Розановым выделена, прежде всего, стилистическая проблема. Национальные эстетические ориентиры были сполна обретены русской культурой в пушкинскую эпоху, когда Гоголь начинал литературную работу. По мнению Розанова, Россия не имеет ярко выраженной эпохи Возрождения не имеет национального, незаимствованного классицизма, бедна национальным романтизмом. Можно сказать, что русская культура смогла обрести самостоятельность и самоидентифицироваться только в эпоху фантастического реализма, когда фантастический элемент романтизма еще не сошел с литературных подмостков, но уже началась эстетическая борьба за правдоподобие. Эту борьбу за реализм против романтизма, по мнению демократической критики, и суждено было возглавить Гоголю. Романтический гротеск, уже испорченный глубокими связями с реализмом, стал основным художественным методом русской литературы. Романтическая ирония, в западной культуре подвергавшая сомнению божественное устройство мира и способность к его рациональному познанию, распределяется в русском искусстве, прежде всего, на конкретные объекты действительности и тут же перерастает в сатирический сарказм Гоголя и Салтыкова-Щедрина.
Заимствованный из западных литератур русский классицизм порождает и еще одну обязательную черту отечественного искусства: «…в нашей литературе, со времен действительно „простого и ясного“ Пушкина и со времен Гоголя, доведшего эту „простоту“ до вульгарности, установилось жесточайшее отрицание всего патетического, громогласного, широкого в чувствах, возвышенного в словах»{440}. Эстетический страх перед риторикой а-ля Тредиаковский, боязнь ложноклассической литературы, которая не успела по-настоящему развиться хотя бы в том же Сумарокове или Хераскове, порождает и неприятие трагедийной, надбытовой, философской драматургии: «У нас нет никакого чувства к трагедиям Корнеля, Расина, к поэзии В. Гюго» {441}. Именно поэтому ложноклассический стиль выигрывает тогда, когда действие помещено в очень конкретную, узнаваемую бытовую обстановку — как, например, в «Горе от ума».

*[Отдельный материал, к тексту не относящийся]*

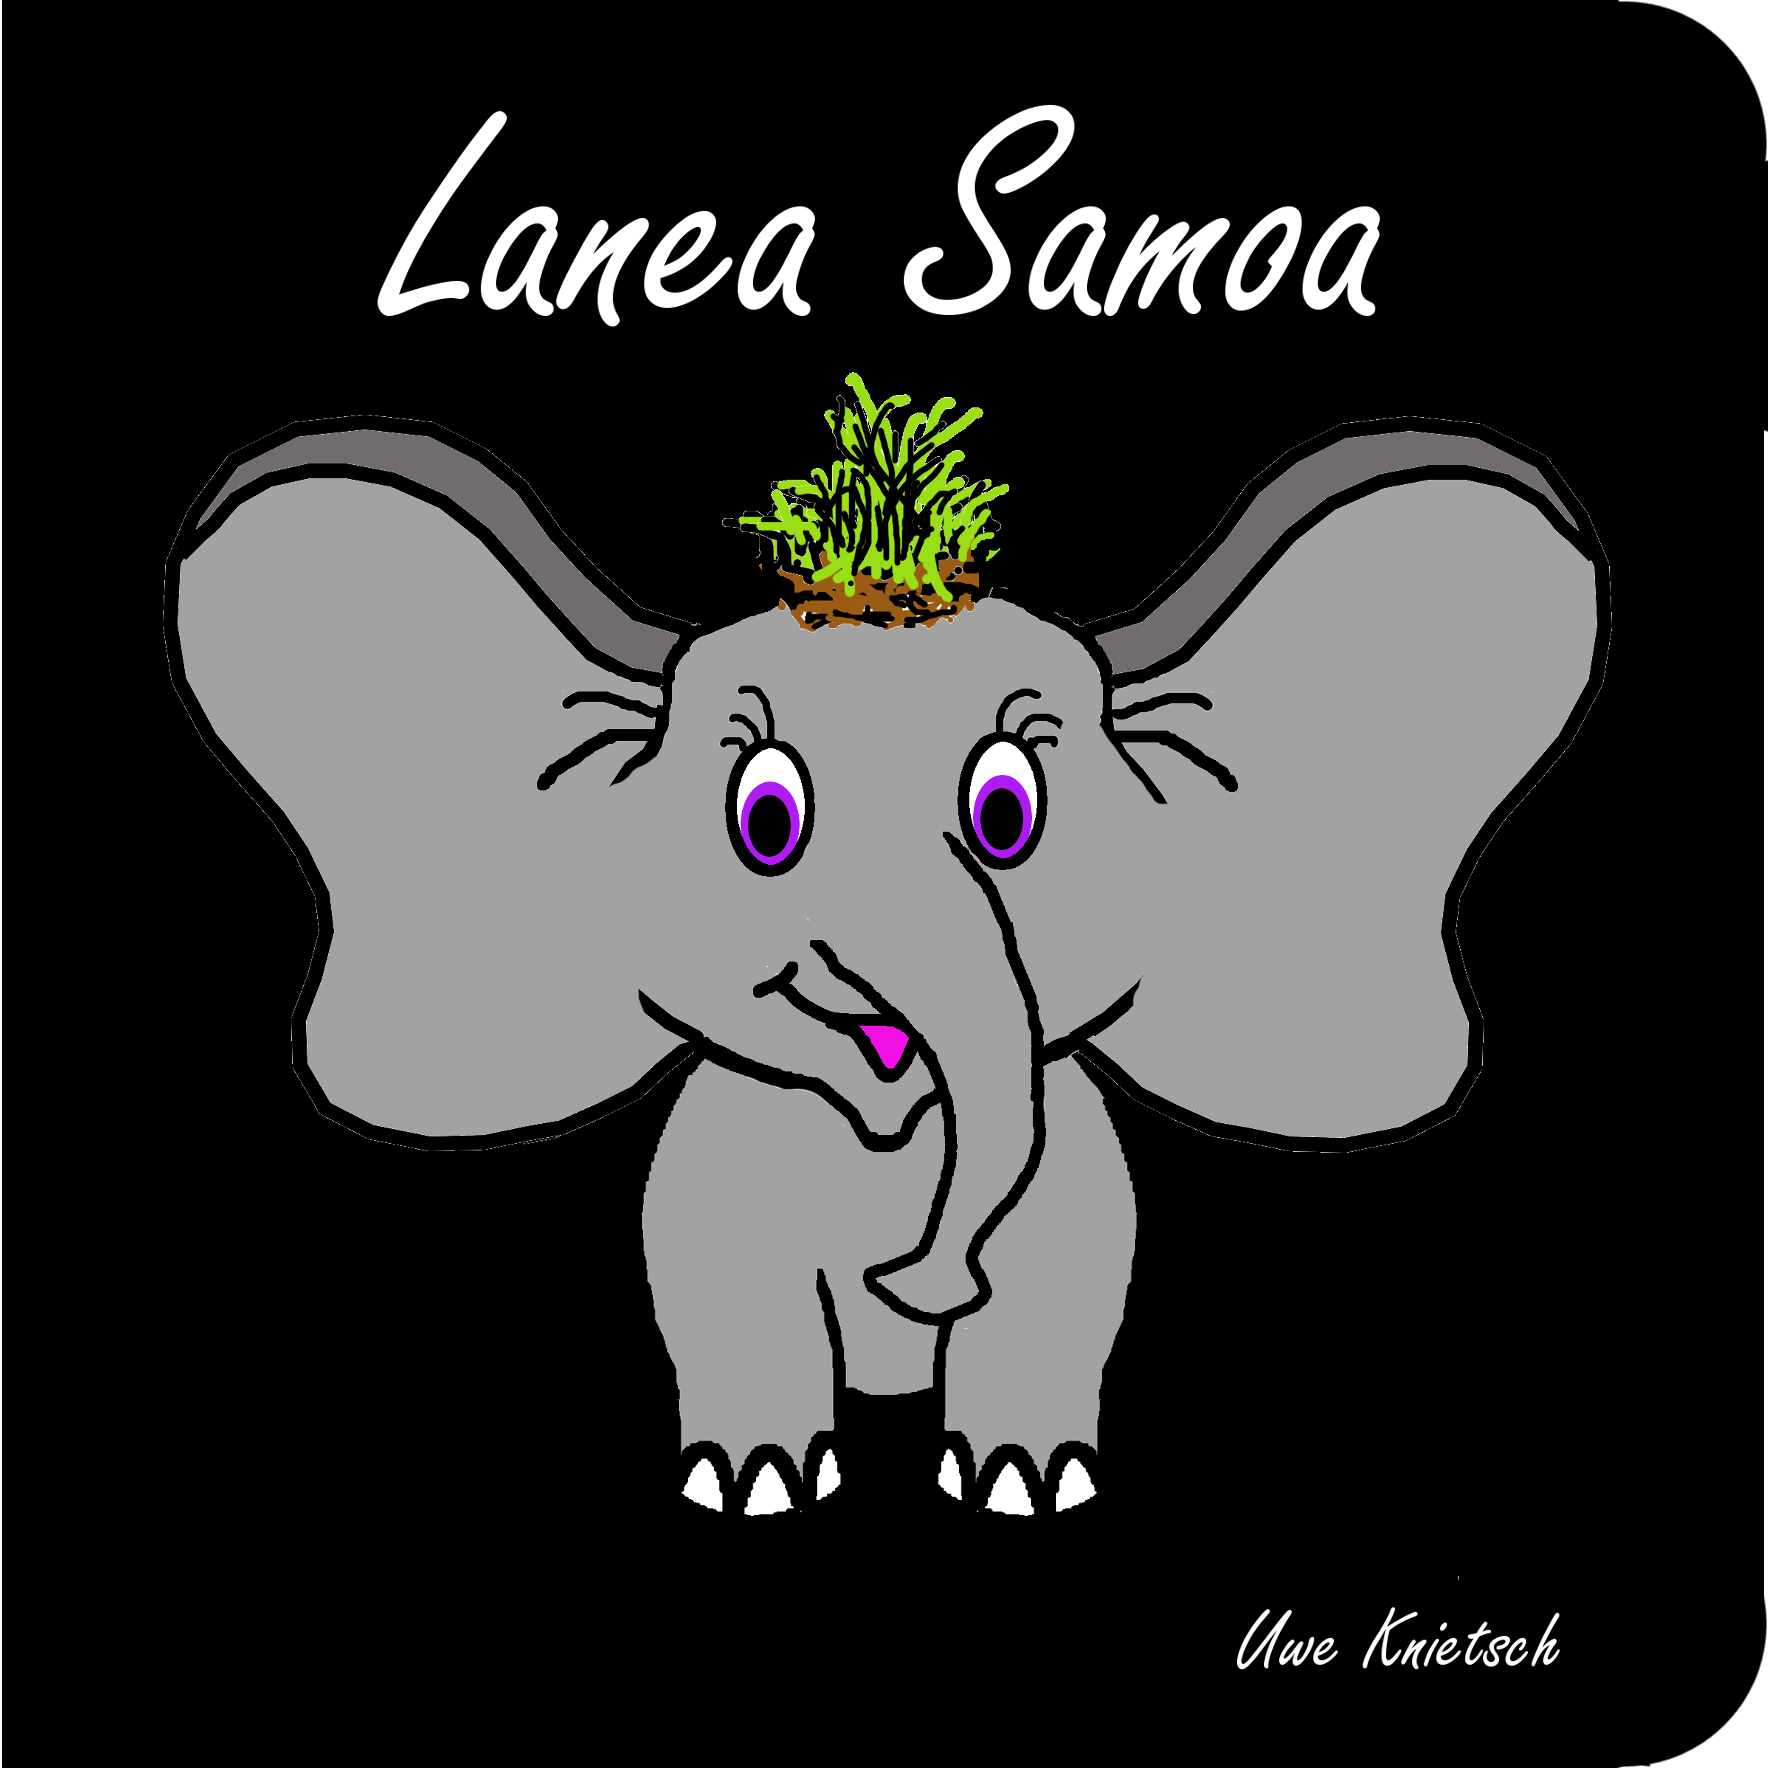 Lanea Samoa - Uwe Knietsch

Розанов не раз пишет о том, что в 1830–40-е годы русскому театру, чтобы идти дальше, было из чего «выбирать»: с одной стороны, Гоголь, Грибоедов и Фонвизин и, с другой стороны, западническая, трагедийная, духовная драматургия Александра Пушкина («Отнимите у монолога Скупого рыцаря стихотворную форму, и перед вами платоновское рассуждение о человеческой страсти»{442}). Театр однозначно и бесповоротно выбирает первое направление, превращая пушкинские сценические произведения в «литературу для чтения». Театроведы, возможно, возразят, что проблема состояла в том, что отечественный театр был попросту не готов к такому совершенству драматургической техники, но ведь пушкинские опыты в дальнейшем и до сих пор не получили развития и в литературе, не породили учеников и подражателей — по крайней мере таких, которые были сценичны, легко переносились бы на сцену. Русский театр за все эти годы даже не смог выработать адекватной сценической модели для «пушкинской драмы»[28].
Вторая проблема, которую выдвигает Василий Розанов, — историко-географический фактор. Равноудаленная от Европы и Азии, Россия оказалась далека от европейских катаклизмов и катастроф, которые и сформировали трагическую и пытливую фаустовскую душу Европы. В сборнике «Около церковных стен» (1906) есть у Розанова очень горький и очень прозападнический мотив: католичество крепко, навеки связано со своей легендарной религиозной историей «двумя рукопожатиями». Последним завещанием Христа было «Паси овец Моих», сказанное апостолу Петру — первому римскому папе. Православие, заимствованное у умиравшей Византии, не имеет таких рукопожатий: «не было, нет камня под нами, — то и машем мы только руками. Посягаем. Волнуемся. Кричим, что у нас Андрей Первозванный водрузил крест; да ведь и водрузил-то он еще печенегам и половцам, а уж никак не русским»{443}. Не существовало никакого особого «послания апостолов к москвичам», пусть даже апокрифического послания; и наша отдаленность от христианских легенд порождает тяжкий подсознательный комплекс нашей отсоединенности от истории. Россия религиозно, а значит и цивилизационно, растет ниоткуда, без цели и смысла. Европейские катаклизмы, сотрясавшие континент с юга на север и с запада на восток — реформация, переселения народов, государственные разделы, религиозные войны, инквизиция, колониальная политика, особые отношения с античностью, крестовые походы — все эти исторические безумства, породившие, по словам Ницше, «трагический оптимизм» европейской культуры, прошли мимо России: «Россия, собственно, страшно засиделась и застоялась»{444}, «почвы в России никто не „перевертывал“»{445}.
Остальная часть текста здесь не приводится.